Non-associative ring whose non-zero elements form non-commutative quasigroup (with regard to multiplication) without identity?

Question

An example of a non-associative ring R whose non-zero elements form commutative quasigroup (with regard to multiplication in R) without identity is easy to find.

I'm looking for examples of a non-associative ring S whose non-zero elements form a non-commutative quasigroup without unity.

Put another way: A non-associative non-commutative division ring without unity. 'division ring' in the spirit of 'ring R (associative or not) whose non-zero elements form non-empty quasigroup by means of multiplication in R'.

Can you help me ?

Answer 1

The ring $\Bbb O$ of Cayley octaves is indeed the example you want, because it contains Hamilton quaternions $\Bbb H$ as a subring, whose multiplicative group (w/o $0$) is already noncommutative. $\Bbb O$ is actually constructed from $\Bbb H$ via the Cayley-Dickson process.

Answer 2

Let $(R,+,\cdot)$ be any non-associative division ring (including any field) - then $(R \setminus \{0\},+,/)$ is, in the general case, a non-associative non-commutative division ring without unity.

Answer 3

What the OP is looking is a noncommutative presemifield, and then a semifield is the case where there is a multiplicative identity element. Here is one of the two smallest examples, the other being given by the transpose of the table below.

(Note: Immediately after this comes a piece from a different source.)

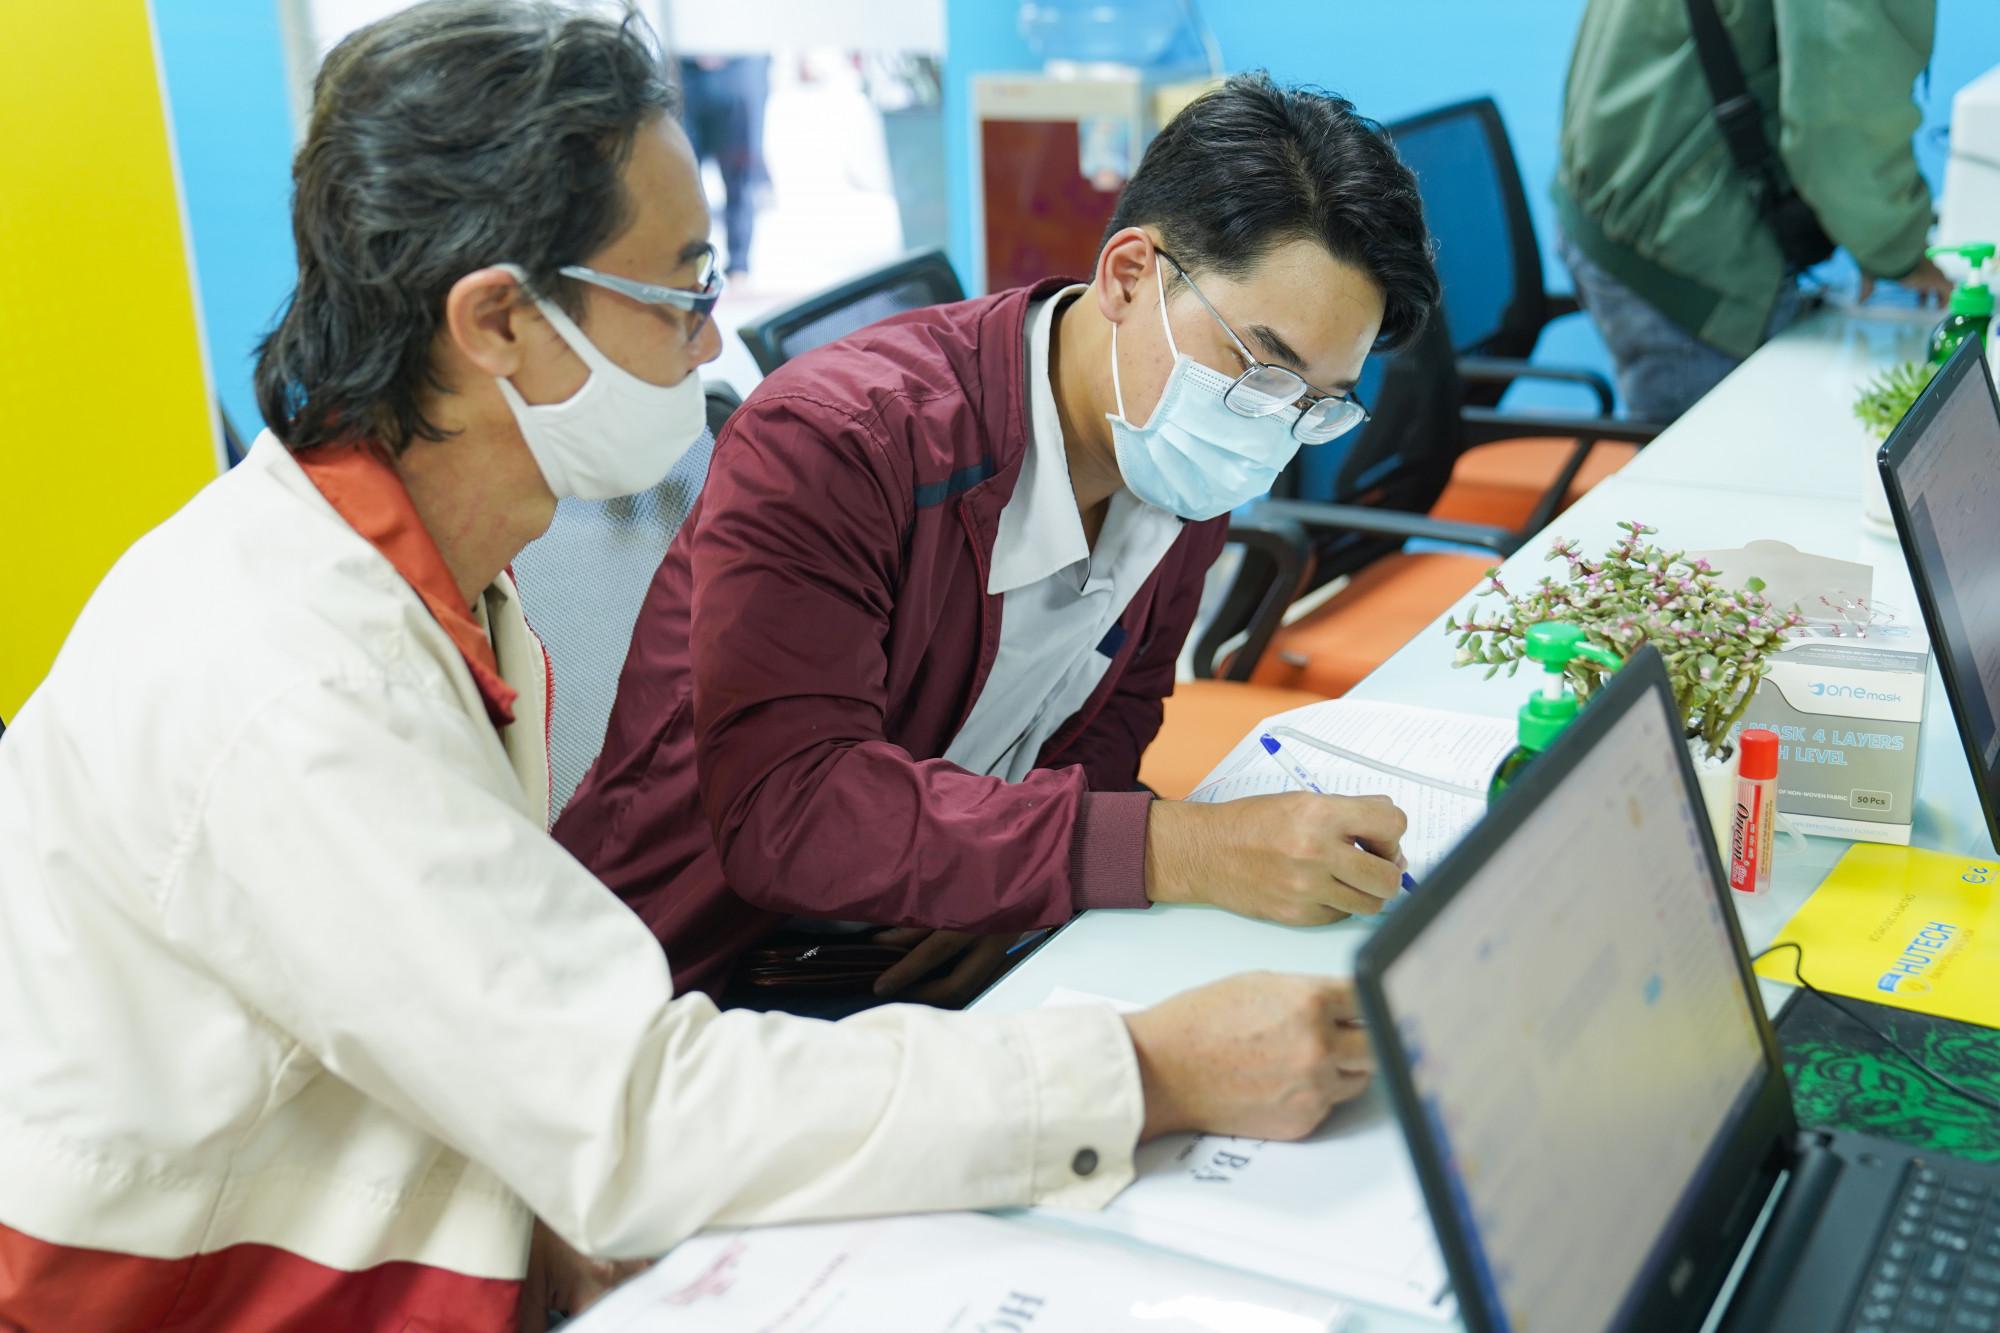 Thí sinh đăng ký xét tuyển tại Trường ĐH Công nghệ TP.HCM- Ảnh chụp trước tháng 5/2021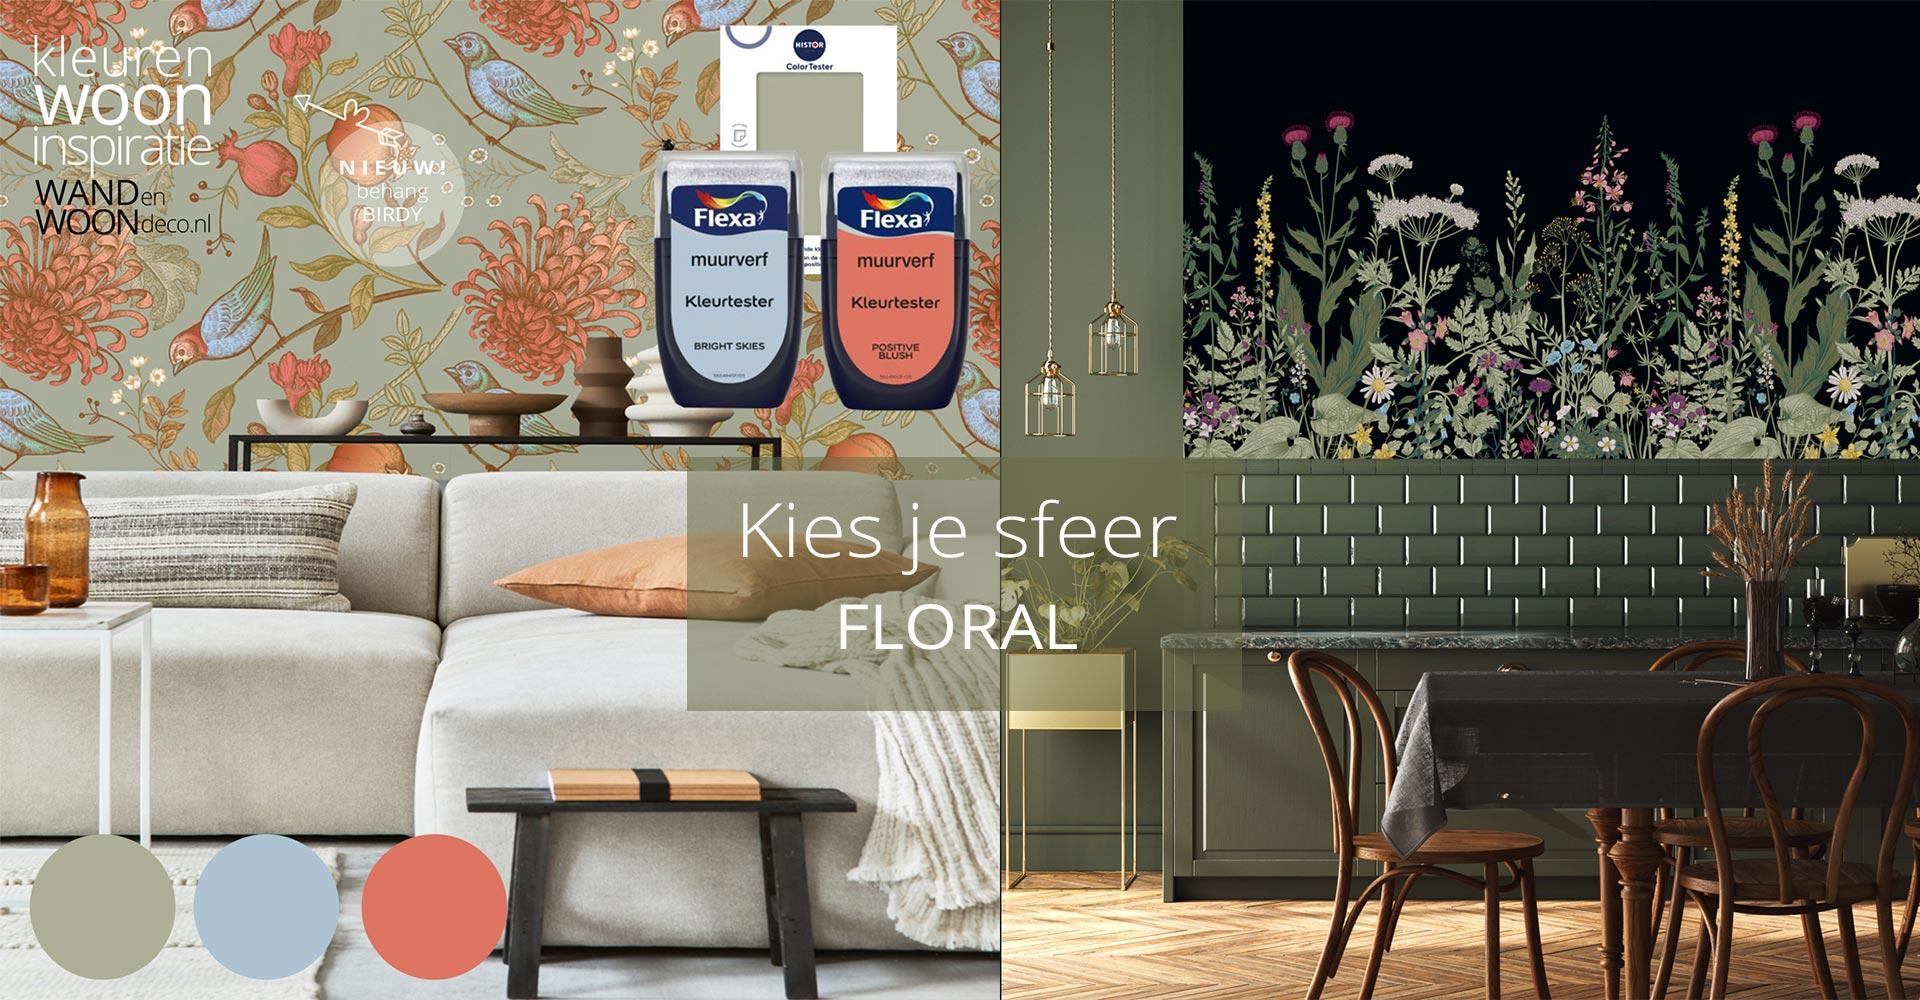 Kies-je-sfeer-floral

On $\mathbb{Z}_2\times \mathbb{Z}_2$ with its usual addition, define $(0,0)\cdot (x,y) = (0,0) = (x,y)\cdot (0,0)$ for all $x,y\in \mathbb{Z}_2$ and define all other products according to the following table: $$ \begin{array}{c|cccc} \cdot & (0,1) & (1,0) & (1,1) \\ \hline (0,1) & (1,0) & (0,1) & (1,1) \\ (1,0) & (1,1) & (1,0) & (0,1) \\ (1,1) & (0,1) & (1,1) & (1,0) \end{array} $$ The nonzero elements evidently form a noncommutative quasigroup without an identity element. Nonassociativity is also easy to see: $$ ((0,1)\cdot (0,1))\cdot (0,1) = (1,0)\cdot (0,1) = (1,1) \neq (0,1) = (0,1)\cdot (1,0) = (0,1)\cdot ((0,1)\cdot (0,1))\,. $$ It's not obvious by inspection that both distributive laws hold, but this can indeed be checked.